» Activity: Once you find the line with "الخدمات الالكترونية جامعة الملك سعود" in the listing below, set down exactly every line from it through the line with "Vând sau schimb brățara smartwatch T500 PLUS", but no pictures.

» Provided material:

○ ○ ○

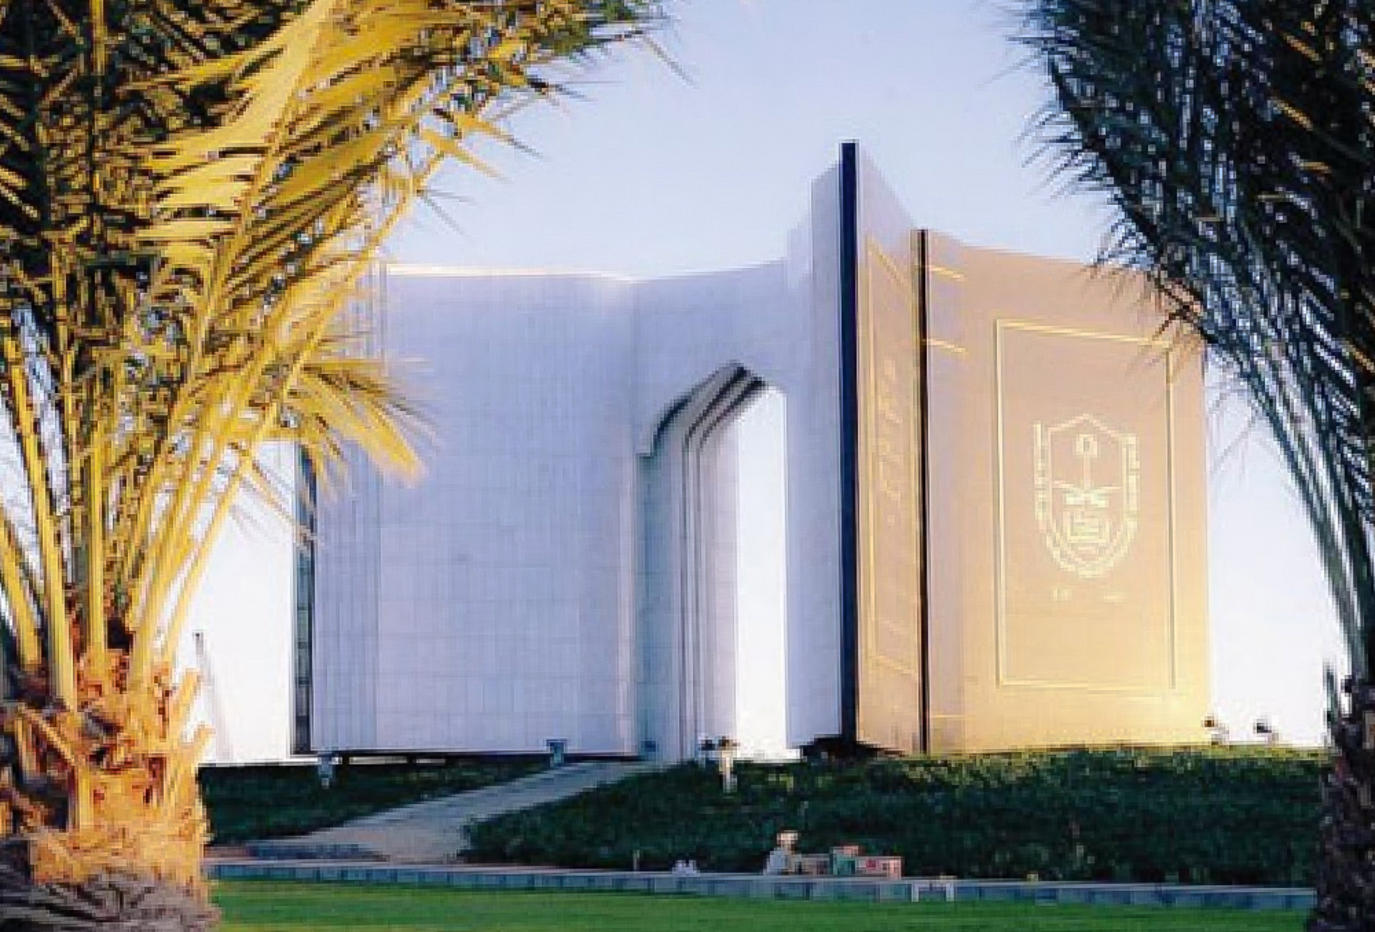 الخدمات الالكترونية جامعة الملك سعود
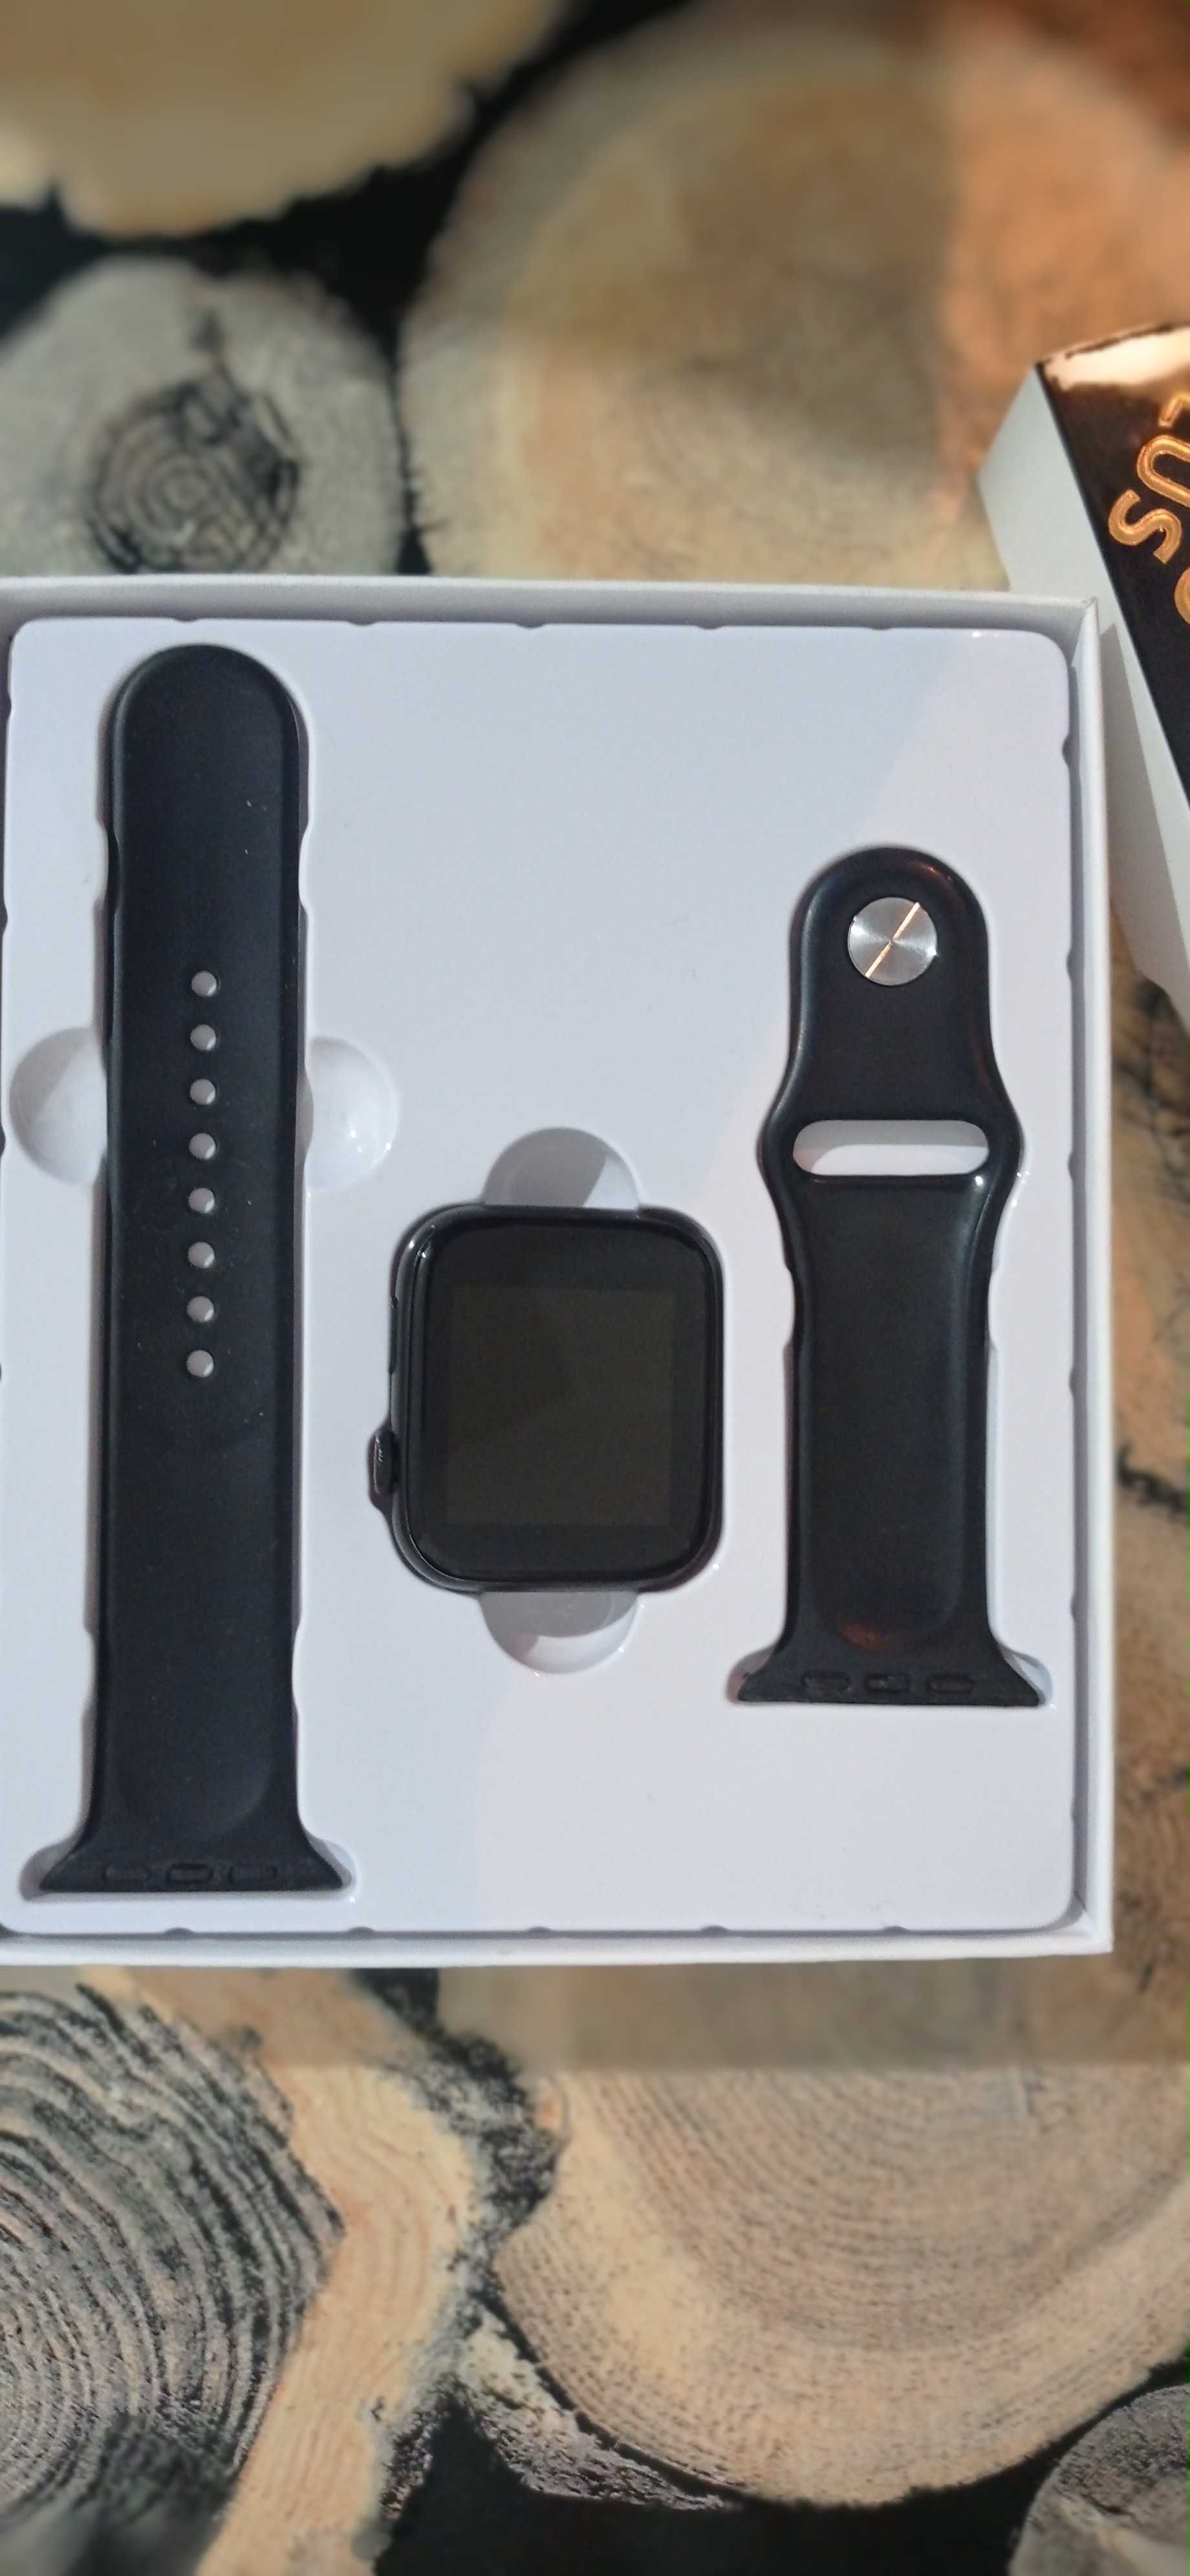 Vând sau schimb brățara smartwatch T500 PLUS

○ ○ ○

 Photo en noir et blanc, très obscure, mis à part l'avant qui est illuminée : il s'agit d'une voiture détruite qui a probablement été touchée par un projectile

○ ○ ○

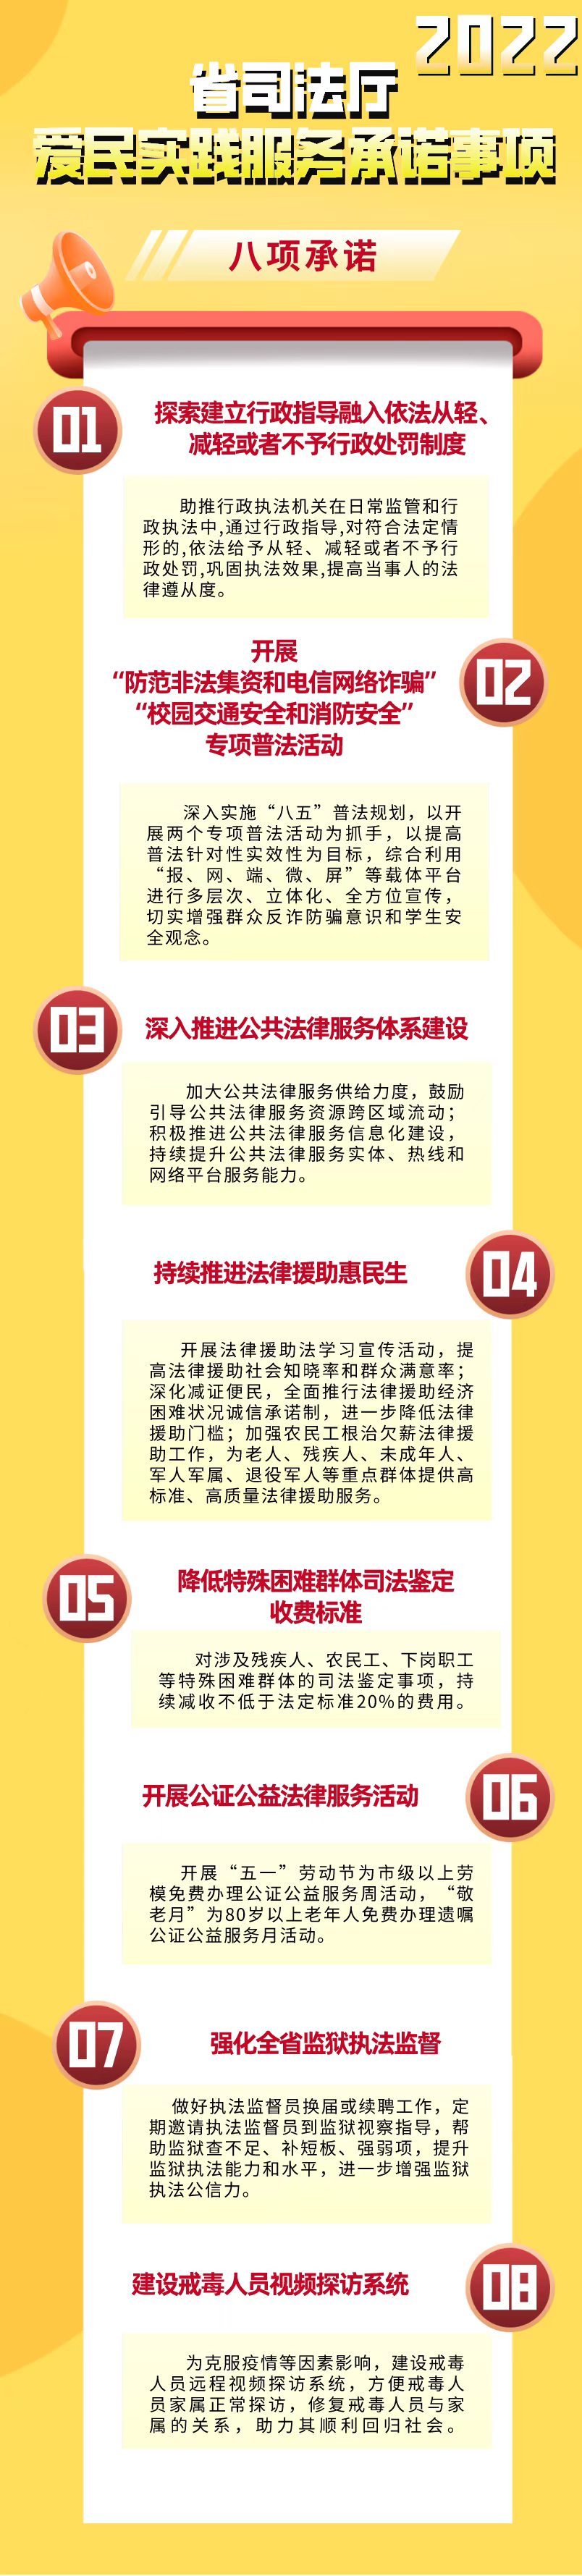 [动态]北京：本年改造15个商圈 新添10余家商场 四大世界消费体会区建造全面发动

○ ○ ○

» Output of the exercise:
 الخدمات الالكترونية جامعة الملك سعود
 Vând sau schimb brățara smartwatch T500 PLUS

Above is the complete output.